Even more troubling than Hamer's misrepresentation of the evidence is the simplistic denunciation that shaped it. Aspects of the humanistic scholarship for which Curtius is known, like many features of the cultural and intellectual contexts in which it arose, certainly appear to us outmoded or mistaken. Because we stress the differences in human experience, we are less confident of finding common experiential ground with antiquity; we also reject the pretensions to universal truth of methodologies such as physiognomic analysis. There is much to criticize in the work of Curtius, and much in his tradition that was easy prey for political manipulation, but only reckless and erroneous arguments can equate his thought with the murderous ideologies of Fascism and Nazism. On this point the recollections I have sought from people acquainted with Curtius and with his situation support both the evidence of the work itself and the consensus of contemporary accounts of the man.

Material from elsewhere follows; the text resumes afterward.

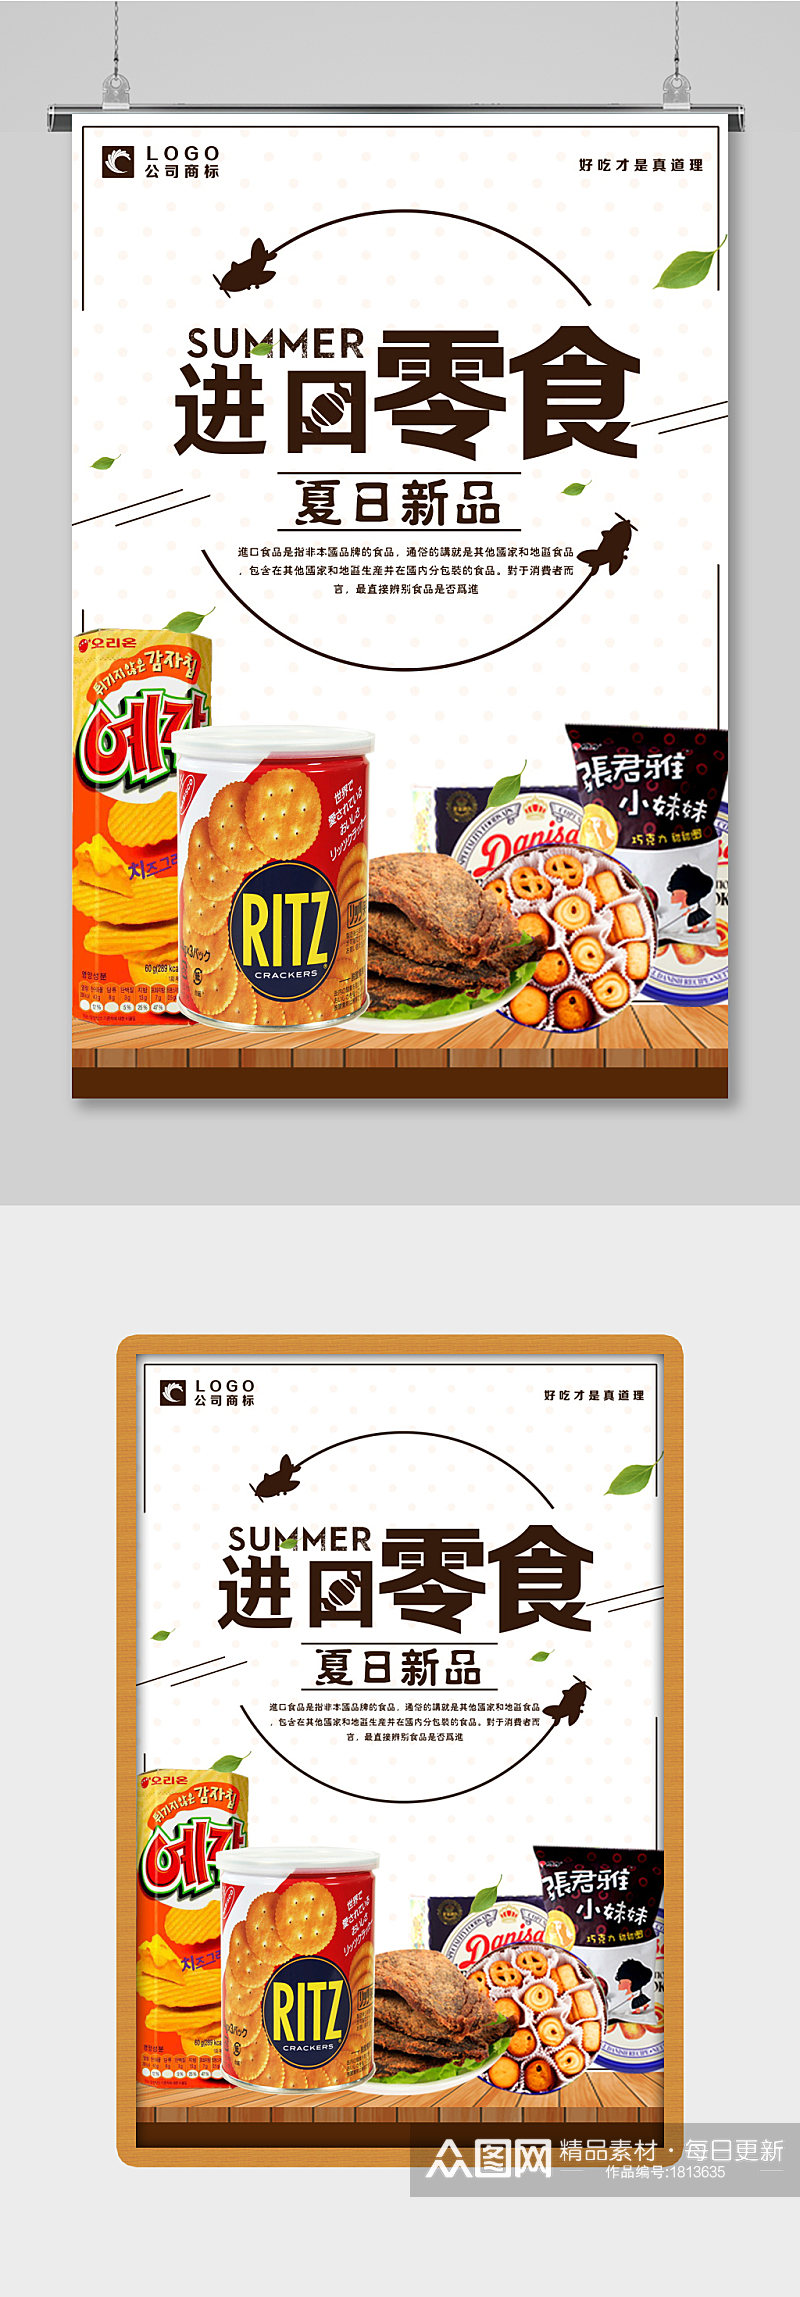 进口食品代购零食海报设计素材

Ludwig Curtius (1874-1954) became the First Director of the German Archaeological Institute in Rome early in 1928. He held this post until 1937, when he was dismissed by Hitler. (For Curtius' open opposition to the Nazis during those years, see, e.g., the account of F.W. Deichmann in Beiträge zur Geschichte des Deutschen Archaeologischen Instituts1929 bis 1979, Teil 1, Mainz 1979, 8.)

The scope and depth of Hamer's misapprehensions lead me to doubt that her book could ever have been very good, but it could certainly have been better than it is. At least the basic factual errors could have been corrected, although it is not clear to whom the task could have fallen without raising some quite serious questions about authorship and ethics.

The flaws in Hamer's book focus attention on the problem of scholarly synthesis in an age of extreme specialization. We all rely on the conclusions others have drawn, as we must and as we should, if the idea of the scholastic community has any meaning at all, and if we are not to eliminate all possibility of communication. The rise of "cultural studies" has encouraged the building of welcome bridges over the barriers of specialization, but these structures are too often poorly anchored. The back cover of the paperback edition of Hamer's study glows brightly with quotations praising the wide scope of the book and the author's "extraordinary historical range." Range, however, is not a substitute for grasp. It is even more disturbing that the author of a study of this kind should fail to understand that interpretations arise in specific conditions of discourse; that generalizations, whether about portraiture in Egypt or the Roman attitude to luxury, constitute no more than provisional answers to particular questions in an ongoing inquiry; and that the explanations generated within individual belief systems, whether positivism or psychoanalysis, cannot always be unified. This book shows in the clearest possible way that the new cultural studies cannot succeed without both providing a coherent theoretical foundation and mastering the processes and the products of traditional humanistic scholarship. Only then is progress possible.